If a single data set is to be fitted, click the Fit button and select 'Fit'.

If multiple data sets are to be fitted simultaneously, click the Fit button and select 'Batch Fit'. Note that all data sets must use the same fitting configuration when run in batch mode, including which distributions will be tested.

Figure 1 - Fit Distributions to Data - Data Tab

Data Tab

The Data Tab consists of the following primary sections:

  1. Data Set - Details of the data to be included in the Fit, including a Name value which will appear as the name of the fit in the Fit Manager window.

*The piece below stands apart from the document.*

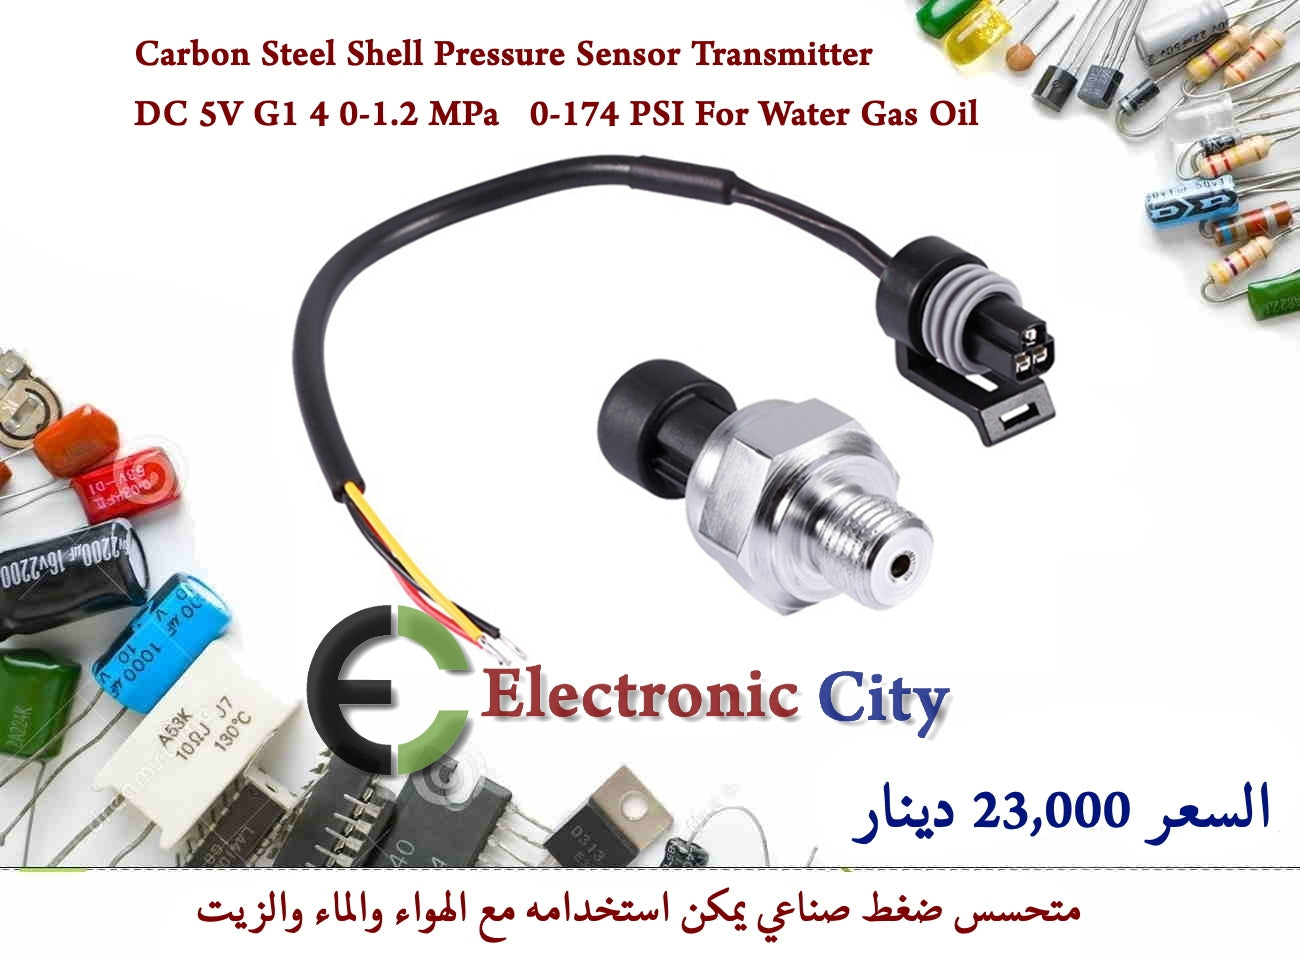 Carbon Steel Shell Pressure Sensor Transmitter DC 5V G1 4 0-1.2 MPa   0-174 PSI For Water Gas Oil

See below for more information.
  2. Data Type - Configure the type of data set chosen.
  3. Filter - Filter the data set values; this can be set to use absolute or relative values.

Data Set

The Data Set panel is the primary definition of the data to be included in the Fit.

  • Name - It is highly recommended to give the data set a name; the Name value will appear in the Name column of the Fit Manager window. Additionally, the Name of the Fit will be used in any RiskFit function that links an input distribution to the results of the fit.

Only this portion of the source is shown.